Lise Meitner was born in Vienna on November 7, 1878, one of eight children; her father was among the first Jews to practice law in Austria. At 13, she completed the schooling provided to girls. Her father hired a tutor to help her prepare for a university education, although women were not yet allowed to attend.

The preparation was worthwhile. When the University of Vienna opened its doors to women in 1901, Meitner was ready. She found a mentor there in physics professor Ludwig Boltzmann, who encouraged her to pursue a doctoral degree. Physicist Otto Robert Frisch, Meitner’s nephew, wrote that “Boltzmann gave her the vision of physics as a battle for ultimate truth, a vision she never lost.”

Pioneer in radioactivity

In 1906 Meitner went to Berlin after earning her doctorate, only the second in physics awarded to a woman by the university. There was great interest in theoretical physics in Berlin. There she began a


30-year collaboration with chemist Otto Hahn. Together, they studied radioactive substances. One of their first successes was the development of a new technique for purifying radioactive material.

During World War I, Meitner volunteered as an X-ray nurse-technician with the Austrian army. She pioneered cautious handling techniques for radioactive substances, and when she was off duty, continued her work with Hahn.



Elemental discoveries

In 1917, they discovered the element protactinium. Afterward, Meitner was appointed head of the physics department at the Kaiser Wilhelm Institute for Chemistry in Berlin, where Hahn was head of the chemistry department. The two continued their study of radioactivity, and Meitner became the first to explain how conversion electrons were produced when gamma rays were used to remove orbital electrons.



Atomic-age puzzles

In 1934, when Enrico Fermi produced radioactive isotopes of uranium by neutron bombardment, he was puzzled by the products. Meitner, Hahn, and German chemist Fritz Strassmann began looking for answers.

Their research was interrupted when Nazi Germany annexed Austria in 1938 and restrictions on “non-Aryan” academics tightened. Meitner, though she had been baptized and raised a Protestant, went into exile in Sweden. She continued to correspond with her collaborators and suggested that they perform further tests on a product of the uranium bombardment.

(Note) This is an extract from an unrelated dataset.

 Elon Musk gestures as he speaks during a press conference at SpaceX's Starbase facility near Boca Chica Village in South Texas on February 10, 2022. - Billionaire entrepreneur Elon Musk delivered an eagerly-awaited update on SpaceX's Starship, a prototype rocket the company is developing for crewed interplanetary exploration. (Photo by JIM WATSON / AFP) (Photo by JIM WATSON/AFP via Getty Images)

When tests showed it was barium, the group was puzzled. Barium was so much smaller than uranium. Hahn wrote to Meitner that uranium “can’t really break into barium … try to think of some other possible explanation.”

Meitner and Frisch (who was also in Sweden) worked on the problem and proved that splitting the uranium atom was energetically possible. Using Neils Bohr’s model of the nucleus, they explained how the neutron bombardment could cause the nucleus to elongate into a dumbbell shape. Occasionally, they explained, the narrow center of the dumbbell could separate, leaving two nuclei. Meitner and Frisch called this process nuclear fission.

Meitnerium honors achievement

In 1944, Hahn received the Nobel Prize in chemistry for the discovery of nuclear fission. Meitner’s role was overlooked or obscured.



In 1966, she, Hahn, and Strassman shared the Enrico Fermi Award, given by President Lyndon B. Johnson and the Department of Energy. Meitner died two years later, just days before her 90th birthday. In 1992, element 109 was named meitnerium to honor her work.



  • Research: Ludwig Boltzmann was an important mentor to Lise Meitner. Who was Boltzmann? Research and list one of his contributions to science.

  • What element did Meitner and Otto Hahn discover? Using the periodic table, list the atomic number and mass number of this element. Does this element have stable isotopes?

  • What is nuclear fission? Explain this event in your own words and draw a diagram showing how fission occurs in a uranium nucleus.

  • Research and describe at least two ways nuclear fission was used in the twentieth century.

  • Meitner did not receive the Nobel Prize for her work on nuclear fission, though she was honored in other ways. List how she was honored for her work in physics.

  • On a separate sheet of paper, compose a letter to the Nobel Prize Committee explaining why Meitner deserved this prize for her work. Be sure to explain your reasoning clearly and be sure to use formal language and correct grammar in your letter.